Baltic State Supreme Audit Institutions Gain New Experiences Through Joint Audit

As cross-border cooperation projects evolve, Supreme Audit Institutions (SAIs) often extend beyond national boundaries in performing audit work and forge cooperative partnerships to meet specific audit needs. At the same time, joint opportunities provide platforms to enhance hands-on experience, cultivate collaboration, and enrich professional competencies in real-time and space.

For the Baltic State SAIs—Estonia, Latvia and Lithuania—such an opportunity arose when, in 2014, the governments of all three nations established the Rail Baltica joint venture—an equally-shared endeavor ratified in a 2017 intergovernmental agreement. Rail Baltica, to be delivered by 2026, is the largest railway infrastructure project in the region and aims to integrate the Baltic States with the European railway network.

In 2016, the SAIs signed a Memorandum of Understanding to monitor the development and implementation of this unique and unprecedented project. Much like the project, the joint audit was distinct in that all three SAIs formed one audit team to examine one auditee of mutual interest.
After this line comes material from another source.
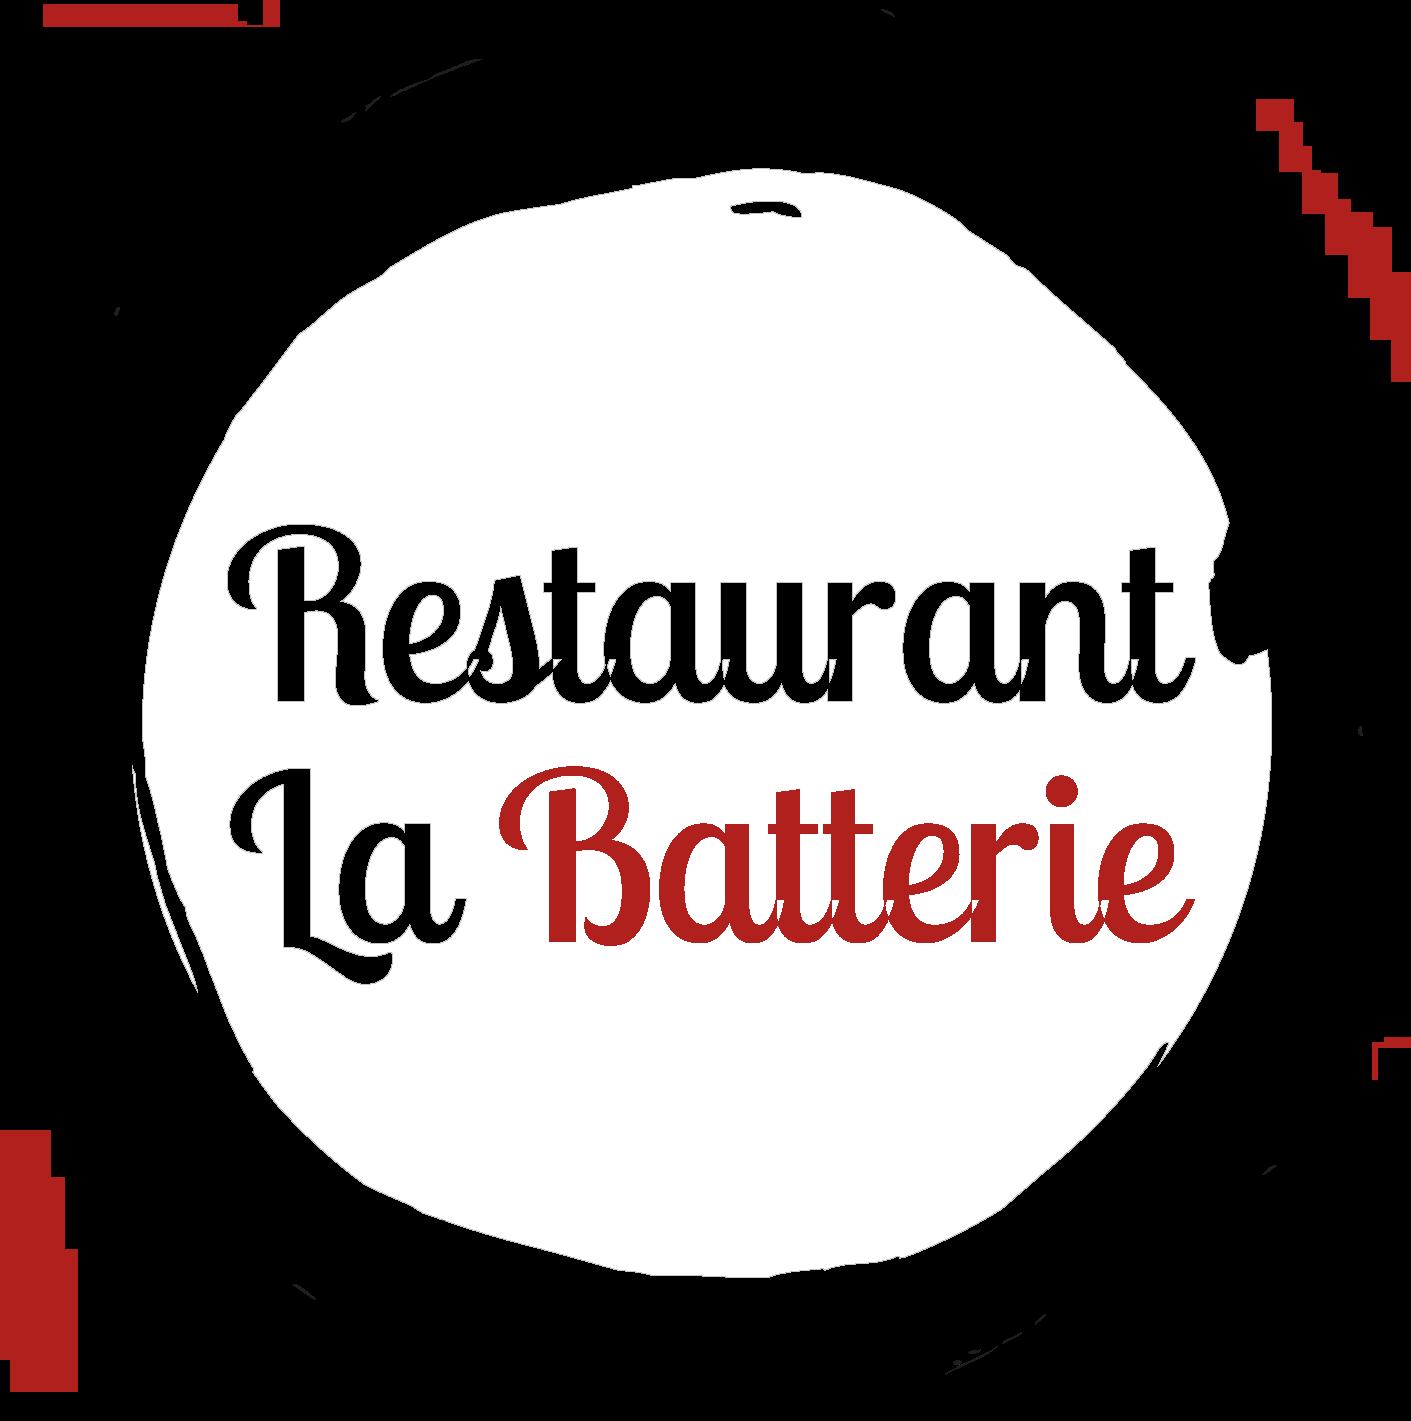 LOGO LA BATTERIE RESTAURANT BATTERIE ROU

Given the geographical dispersion of audit team members, technology (secure cloud storage, online communication) proved integral in providing efficient organization and communication.

The audit focused on project governance, internal control system operations, as well as long-term financial resource availability. Because the audit was based on a forward-looking approach, the audit team looked to analyze particular conditions, such as assuring an effective, economic procurement and contract management framework was established, functioning and able to address any deficiencies found during the audit.
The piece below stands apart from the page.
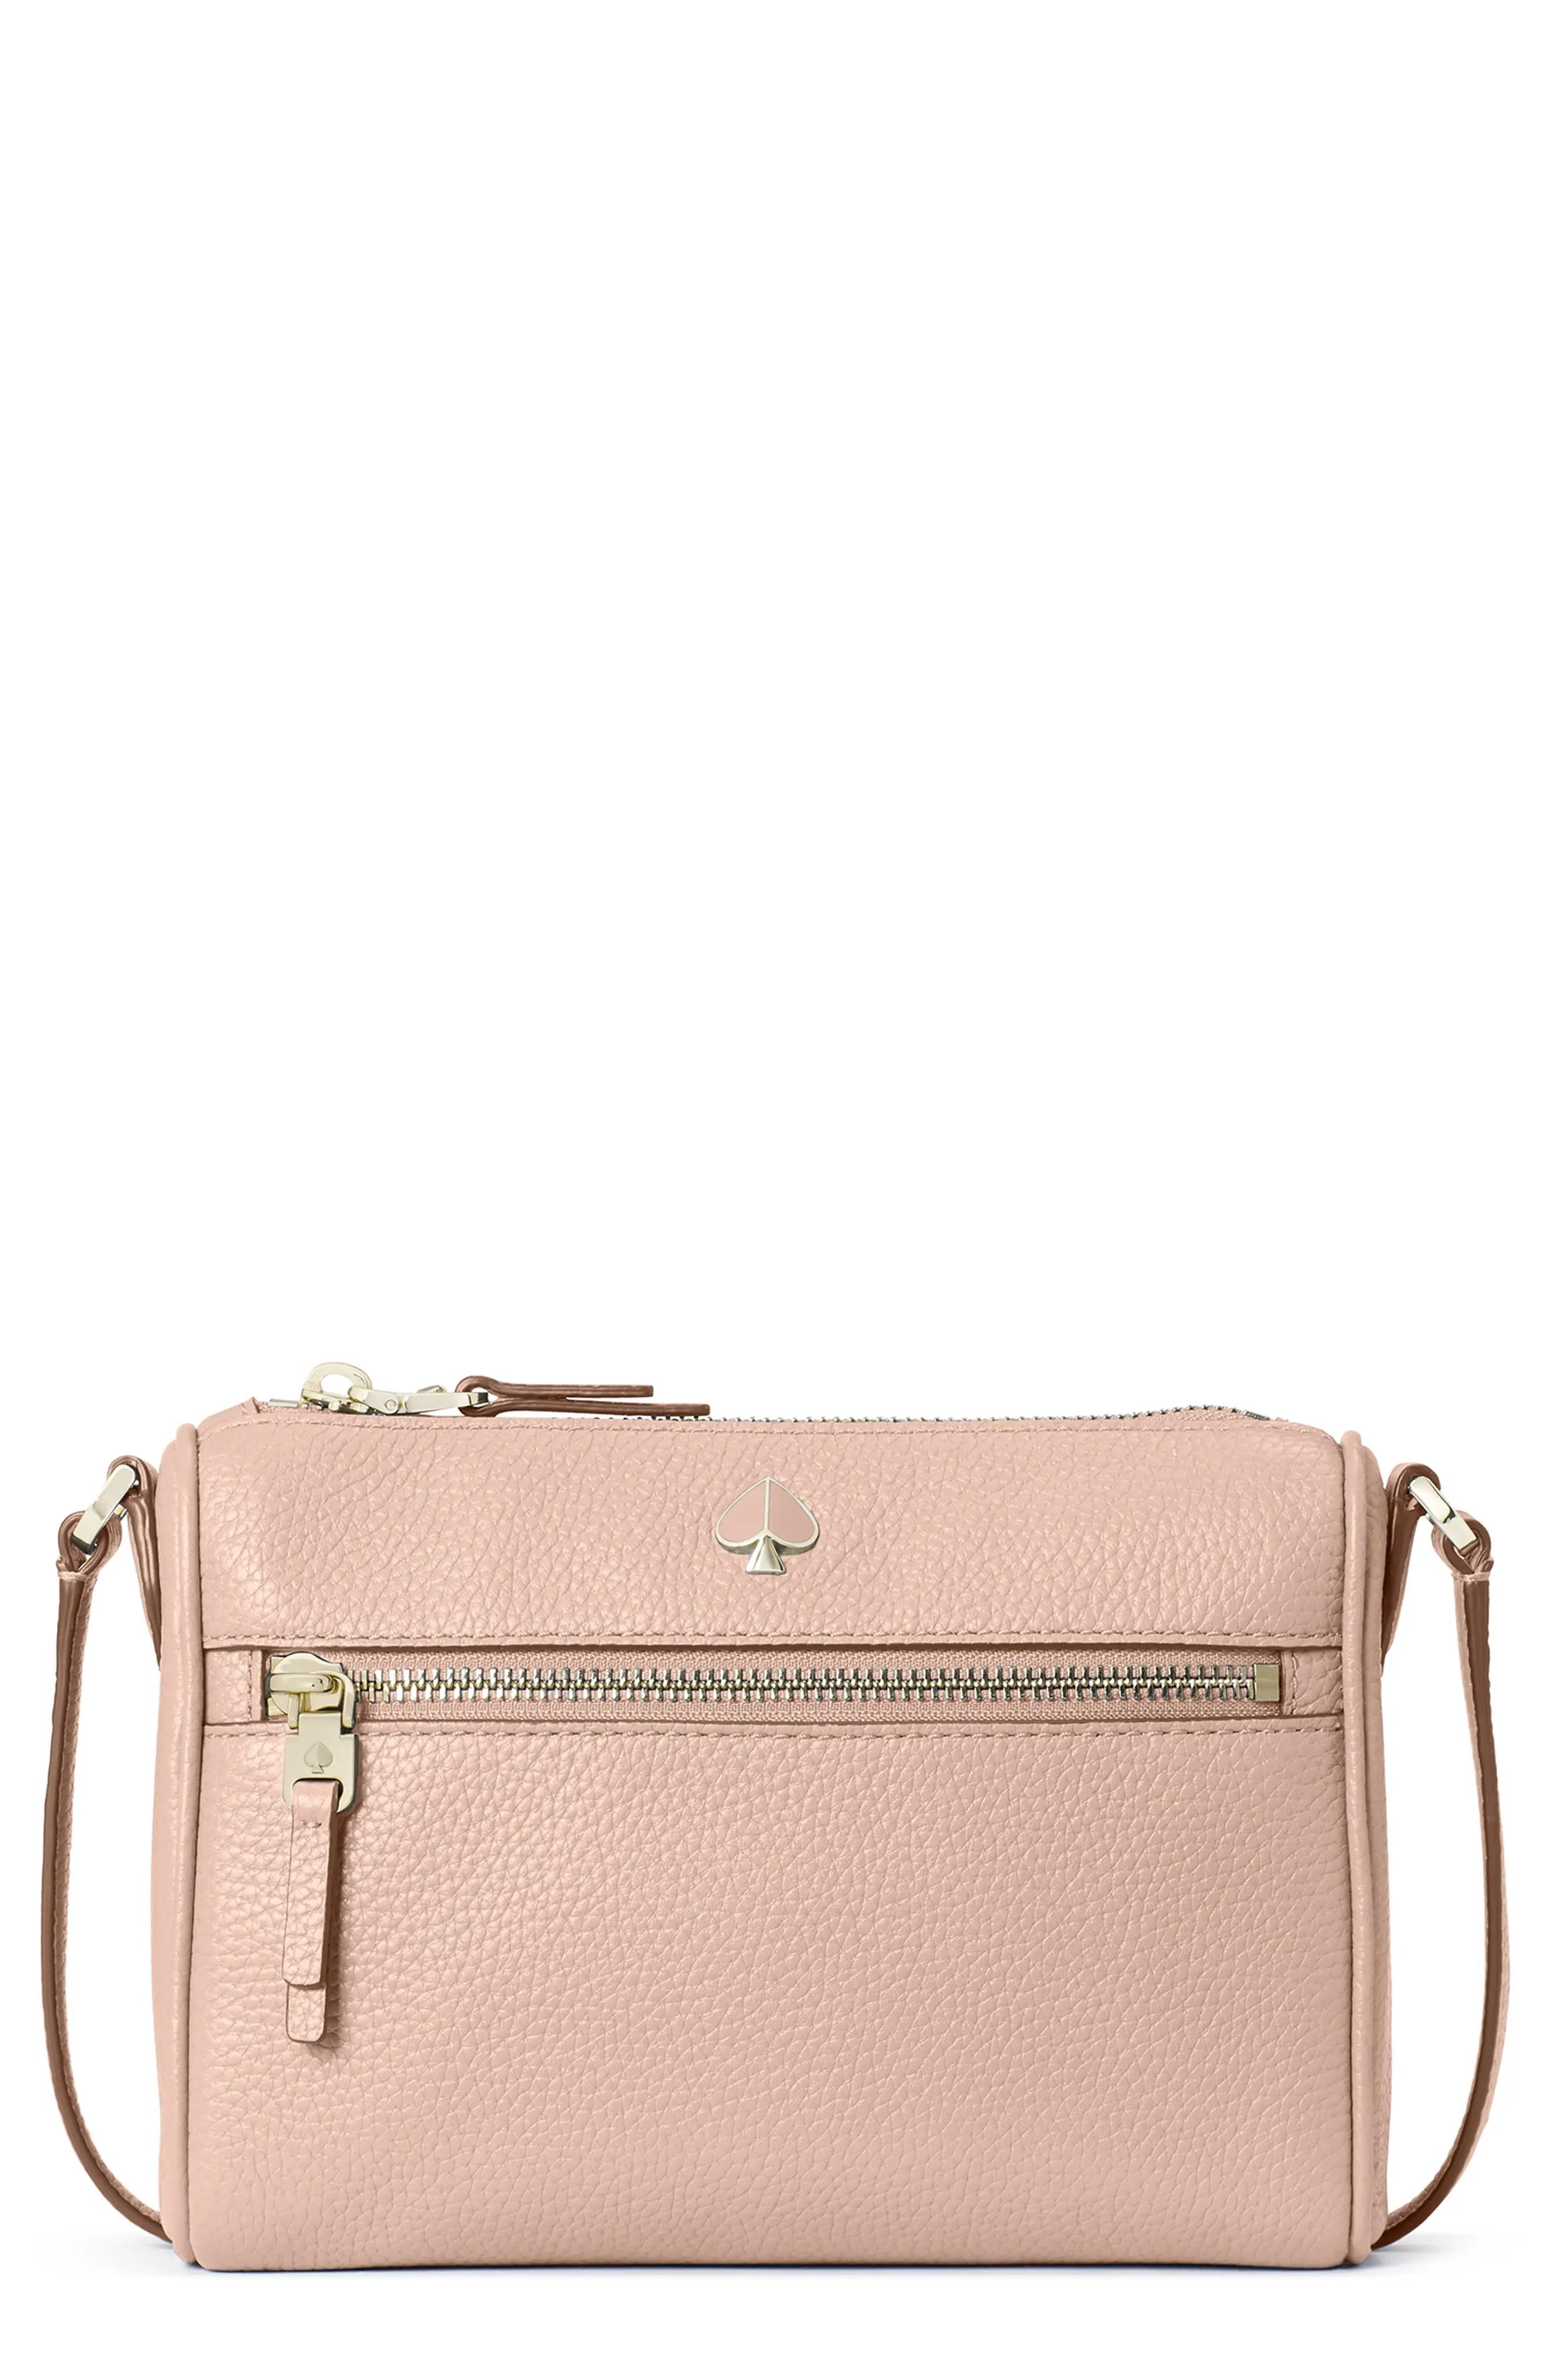 kate spade new york women s handbags

Fieldwork began in 2018, and the audit team, consisting of at least two auditors from each SAI, examined the audit questions and criteria and agreed on main conclusions, which became the audit report’s basis. A steering committee (one representative per SAI) was instituted to decide on any significant issues arising during the audit.

Each SAI separately performed a quality control check at the audit’s end but jointly drafted the final report, which was electronically signed by all Auditors General and simultaneously published in all three Baltic States.

The joint audit led to recommendations that will improve the Rail Baltica project’s governance, operations and financial planning, and the SAIs of Estonia, Latvia, and Lithuania will continue the already established cooperation to jointly monitor audit recommendation implementation.

This opportunity—and experience—illustrates how SAIs from different nations can effectively unite to successfully audit, monitor and provide useful recommendations on a project of major regional importance.